Senior Site Reliability Engineer, Tenant Services: Geo

Remote, India
Remote
SRE
Posted 09 May 2026
Job Description

Role Overview

As an SRE on the Tenant Services, Geo team, you'll keep GitLab's production systems running smoothly with a focus on Geo — GitLab's data replication and disaster recovery feature.
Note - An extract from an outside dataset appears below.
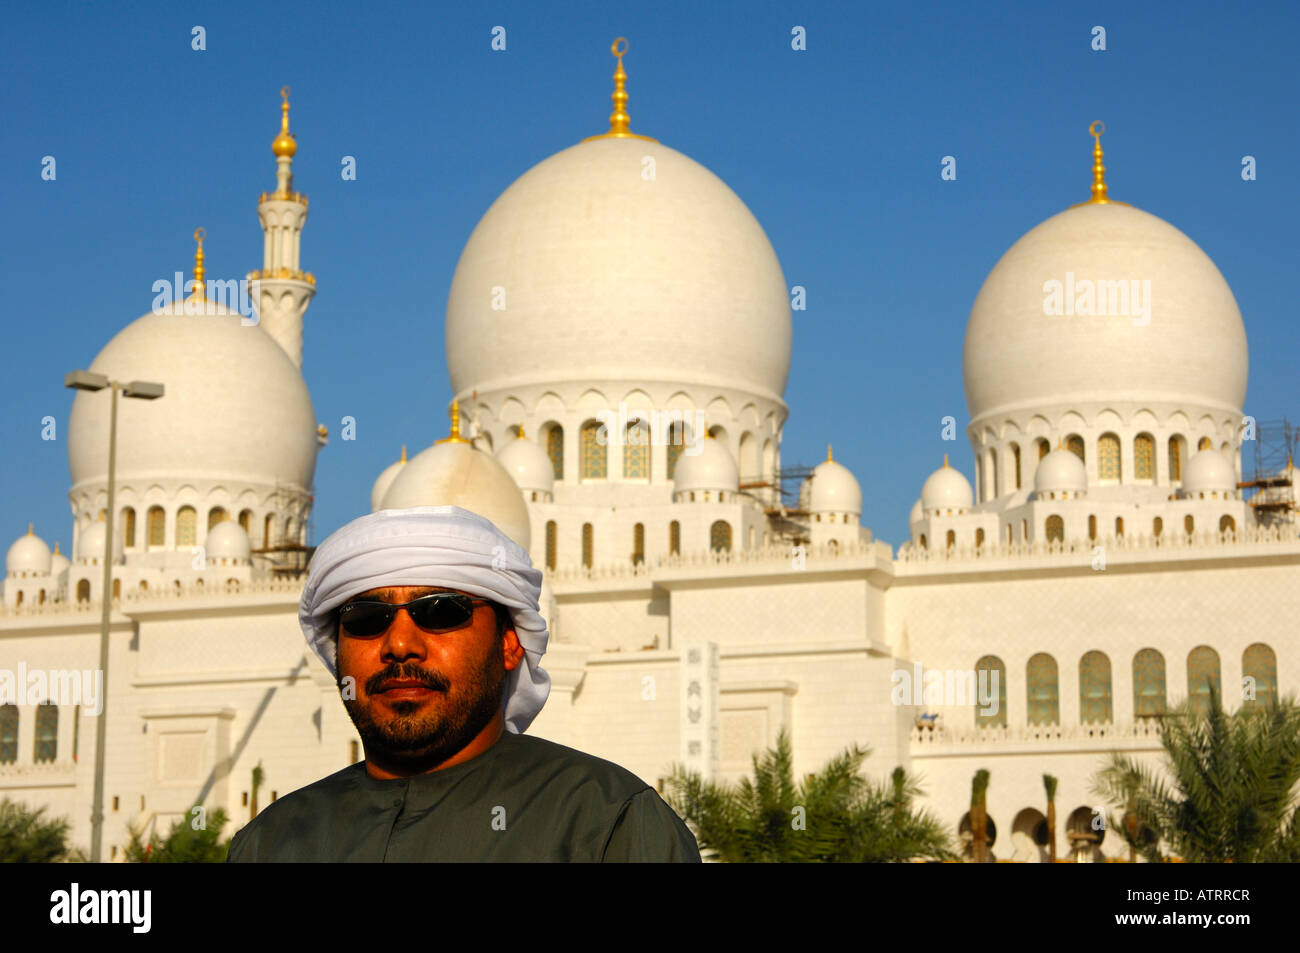 Le cupole principale di Sheikh Zayed Bin Sultan Al Nahyan mosque grande Moschea di Abu Dhabi Emirati Arabi Uniti Foto Stock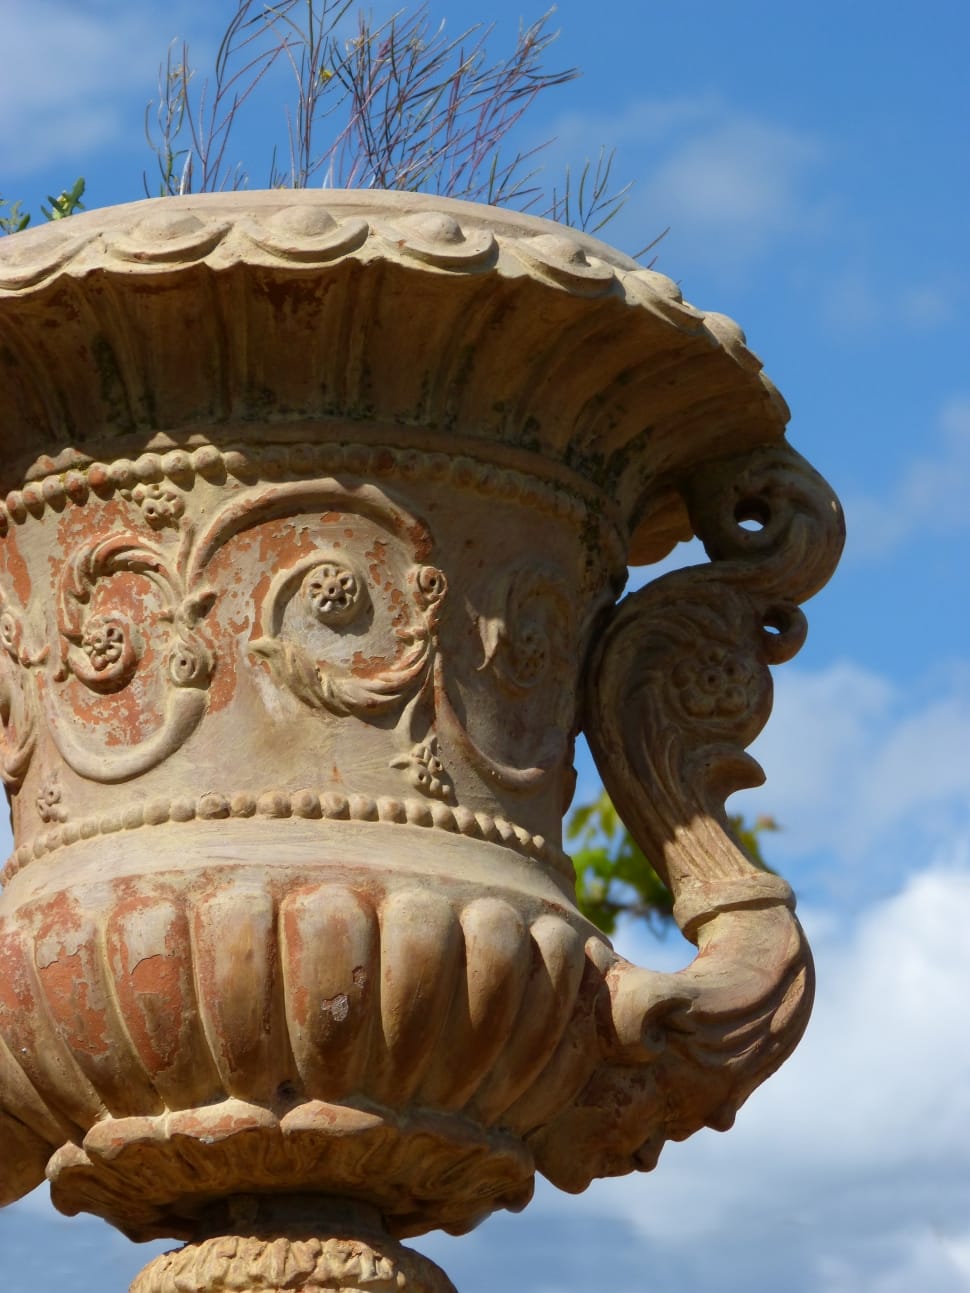 brown ceramic vase preview

You'll execute Dedicated customer migrations end-to-end, improve tooling and automation, and work closely with the core Geo team, Dedicated migrations, and Support to make cutovers faster, safer, and more predictable.

Responsibilities

  • Execute Dedicated Geo migrations and cutovers end-to-end — planning, pre-cutover validation, execution, and post-cutover verification
  • Participate in shift and weekend coverage rotation for Dedicated cutovers across EMEA and US hours
  • Join the SaaS SRE on-call rotation to respond to incidents impacting GitLab.com availability
  • Handle environment preparation, data hygiene checks, replication, and Geo-related escalations from Support
  • Design, build, and maintain automation, tooling, and runbooks to make migrations repeatable and reliable
  • Run infrastructure using Ansible, Chef, Terraform, GitLab CI/CD, and Kubernetes
  • Build and maintain monitoring, alerting, and dashboards to detect issues early and track migration SLOs
  • Contribute to incident reviews, root cause analyses, and readiness reviews
  • Document all actions — runbooks, architecture decisions, and post-incident reviews
  • Proactively identify and reduce toil by automating repetitive operational work

Requirements

  • Experience operating highly-available distributed systems at scale in a SaaS environment
  • Hands-on experience with GCP or AWS — networking, storage, and managed services
  • Experience with Kubernetes and its ecosystem (Helm), including deploying and troubleshooting workloads
  • Experience with IaC and configuration management tools — Terraform, Ansible, or Chef
  • Strong programming skills in Go or Ruby, and scripting proficiency in Shell or Python
  • Experience with observability systems — Prometheus, Grafana, logging stacks
  • Practical exposure to data replication, backup/restore, or migration scenarios
  • Comfortable with on-call rotations and driving follow-through on corrective actions
  • Ability to engage directly with enterprise customers during migrations and incidents
  • Strong written and verbal communication skills with a bias toward async documentation

Good to Have

  • Experience with disaster recovery technologies
  • Experience with compliance-sensitive environments — SOC2, ISO
  • Prior work on large-scale data migrations or cutovers
  • Hands-on experience with PostgreSQL or AWS RDS replication and cutover workflows
  • Familiarity with multi-tenant architectures or GitLab itself

Benefits

  • Flexible Paid Time Off
  • Equity Compensation and Employee Stock Purchase Plan
  • Growth and Development Fund
  • Parental Leave
  • Home Office Support
Tech Stack Required
Ansible
Chef
Terraform
GitLab CI/CD
Kubernetes